Vor allem ein Angriff auf das Whistleblowing

Wenn sich seit heute zwei Autoren des Portals Netzpolitik.org ebenfalls wieder mit Ermittlungen wegen Landesverrats konfrontiert sehen, darf allerdings nicht der Fehler gemacht werden, diesen Fall im gleichen Licht wie die Affäre vor 50 Jahren zu betrachten. Heute hat sich die Pressefreiheit bereits als ein hohes Gut in der Gesellschaft etabliert und auch wenn wieder Ressentiments gegen die russische Bedrohung scharf gemacht werden, ist das kein Vergleich wert zu der militärischen Aufrüstung Anfang der 60er Jahre. Zudem war der “Verstoß” des Spiegels ein ganz anderer. Schliesslich war es ihr eigentliches Interesse, die Verteidigung des Landes sicherzustellen und der Konflikt entzündete sich vor allem an den persönlichen Beleidigungsgefühlen eines Franz Josef Strauß. Im Gegensatz zu damals steht heute nicht so sehr die Pressefreiheit, sondern der Schutz des Whistleblowings im Kreuzfeuer der Ermittlungen.

Was ist sonst zu erwarten? Werden sich Regierungsmitglieder (eine Stellungnahme von Angela Merkel ist sowieso nicht zu erwarten) vor die Mikrofone stellen und Erklärungen abgeben, dass in bestimmten Fällen die Pressefreiheit zurücktreten muss? Werden sie es befürworten, wenn Vertreter der Presse wegen ihrer Berichte für mindestens ein Jahr ins Gefängnis gesteckt werden? Oder wird Netzpolitik.org öffentlich nahegelegt werden, seine Aktivitäten zurückzufahren?

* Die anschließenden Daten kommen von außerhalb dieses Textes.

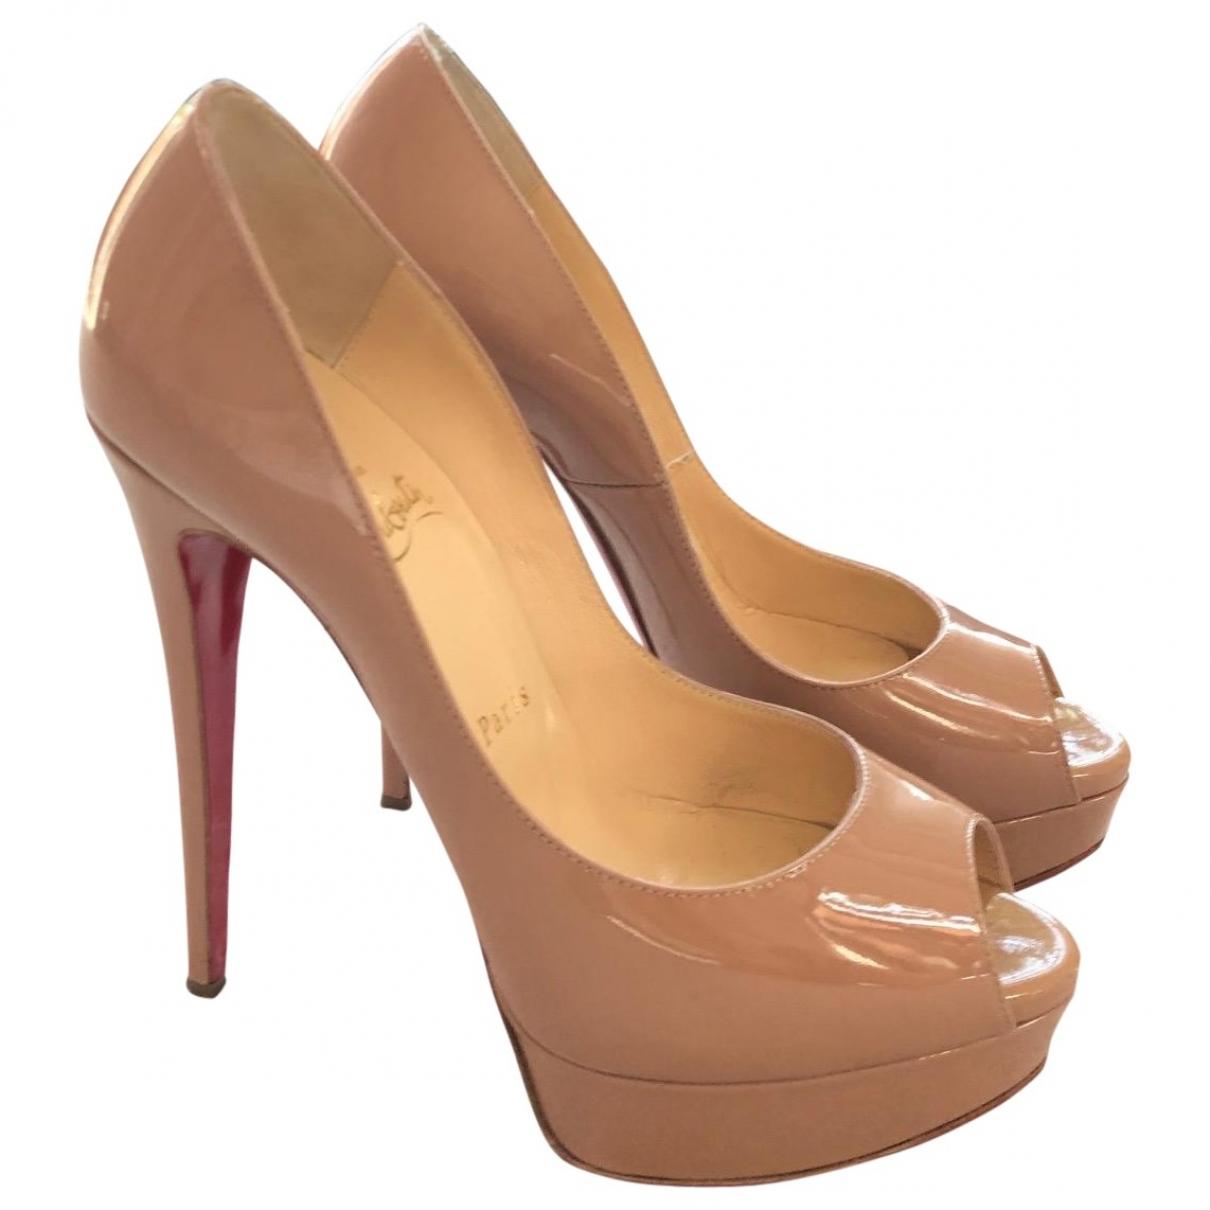 Christian Louboutin Lady Peep Beige Patent leather Heels for Women 38.5 EU

Nein, so wie es bisher aussieht, werden der Blog und die beiden Angeklagten gestärkt und angereichert mit neuen Heldenmythen aus dieser Geschichte hervorgehen. Für die kostenlose PR kann sich die Plattform beim Harald Range nur bedanken. Einer der ersten Kommentare auf Netzpolitik.org zu dem aktuellen Bericht kam von einer Person mit einem bezeichnenden Pseudonym:

Barbara Streisand: Danke, gern Geschehen!

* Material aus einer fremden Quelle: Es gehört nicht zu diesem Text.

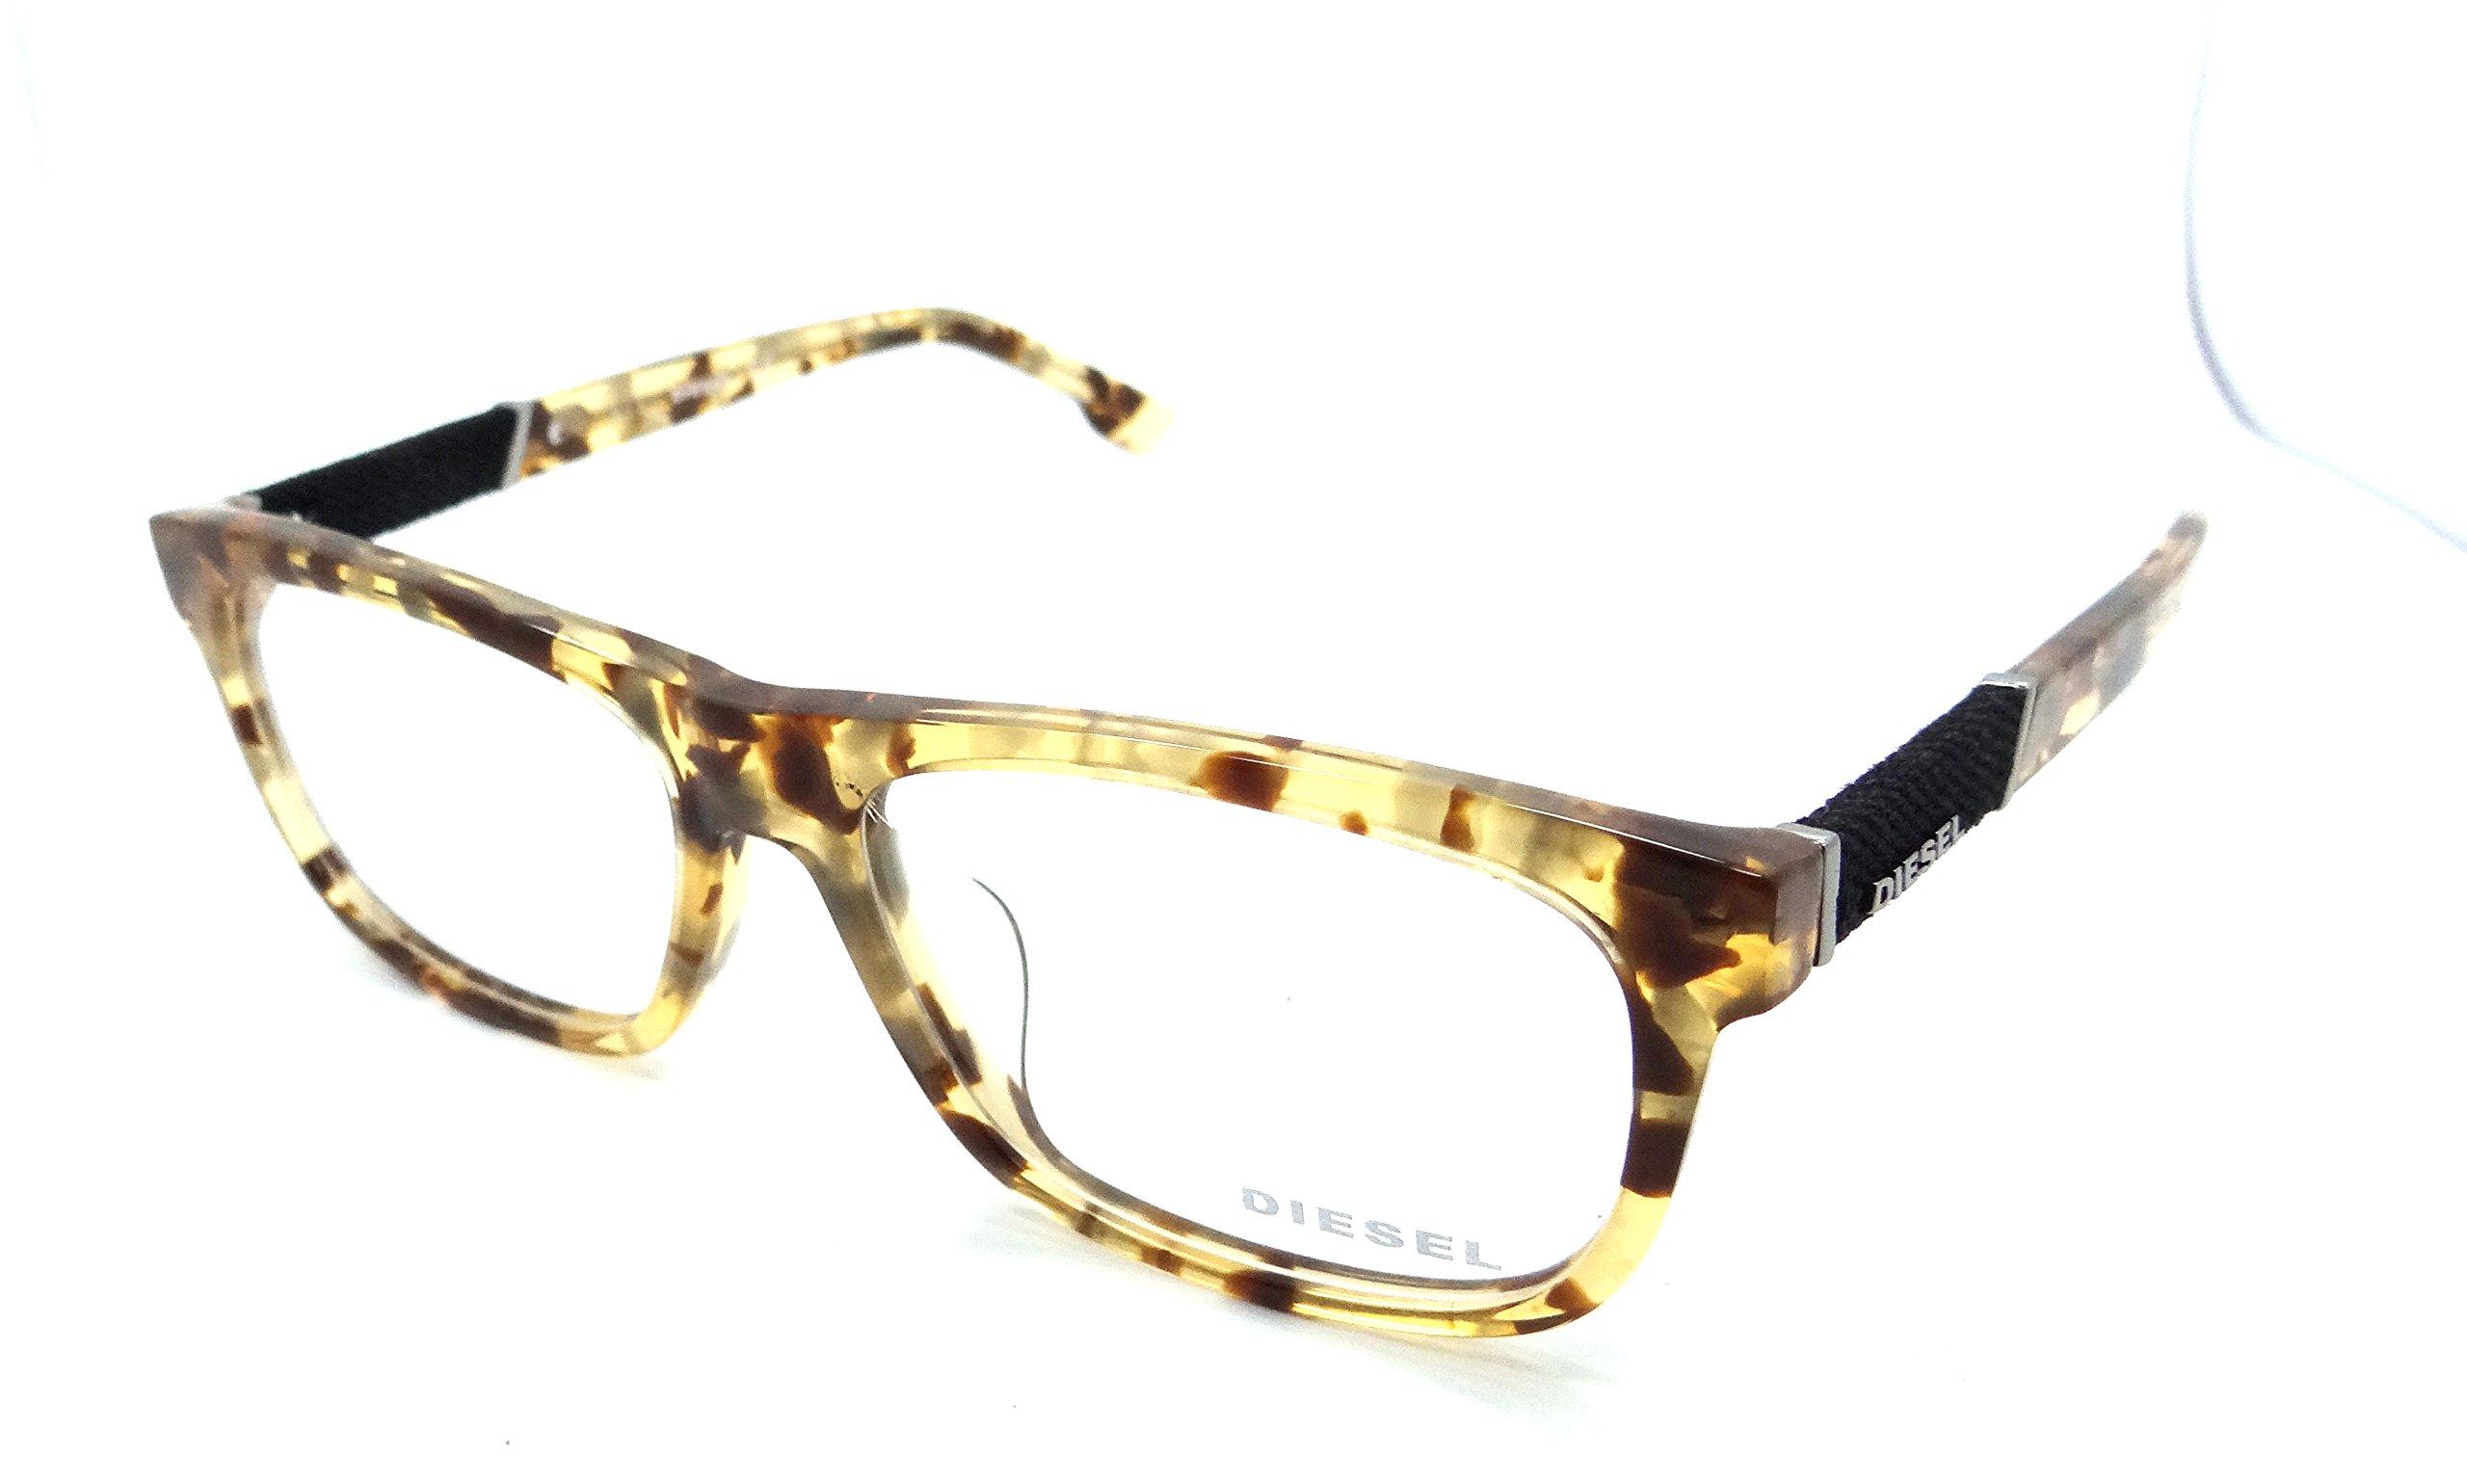 Diesel Rx Eyeglasses Frames DL5107-F 053 57-16-150 Blonde Havana Asian Fit

Der Streisand-Effekt beschreibt ein Phänomen, dass nach der amerikanischen Musikerin benannt wurde. Diese hatte einen Fotografen wegen der Öffentlichmachung einer Aufnahme ihres Anwesens verklagen wollen. Aber erst durch diese Anklage wurde die Fotografie und somit der Standort ihres Anwesens überhaupt bekannt.

Für den Inhalt der Dokumente wurde sich bisher nicht besonders Interessiert

Könnte das den Artikeln, die nun Gegenstand der Anklage sind auch passieren? Dass sie endlich thematisiert, kritisch betrachtet und bewertet werden? Es wäre zu wünschen, ist aber ebenfalls nicht hochwahrscheinlich. Auch als in den letzten Wochen schon der Verdacht einer Ermittlung gegen eine Person im Verfassugschutz wegen der Weitergabe der Dokumente aufkam, interessierten sich die Medien vor allem für die Jagd des Generalbundesanwalts auf Whistleblower. Der Inhalt der Dokumente wurde in den wenigsten Fällen erwähnt, geschweige denn wirklich zur Kenntnis genommen oder analysiert.

Es ist wirklich ein Witz der Geschichte, dass die geleakten Papiere zwar hochbrisant waren, aber nie die entsprechende Aufmerksamkeit durch weitere Medien erfahren haben. Selbst dann nicht, als der Verfassungschutz durch seine Anzeige die Echtheit bestätigte und vermutlich auch jetzt nicht, wo sich die Justiz sich wegen der Bekanntmachung dieser Unterlagen zu einem fatalen Schritt entschlossen hat.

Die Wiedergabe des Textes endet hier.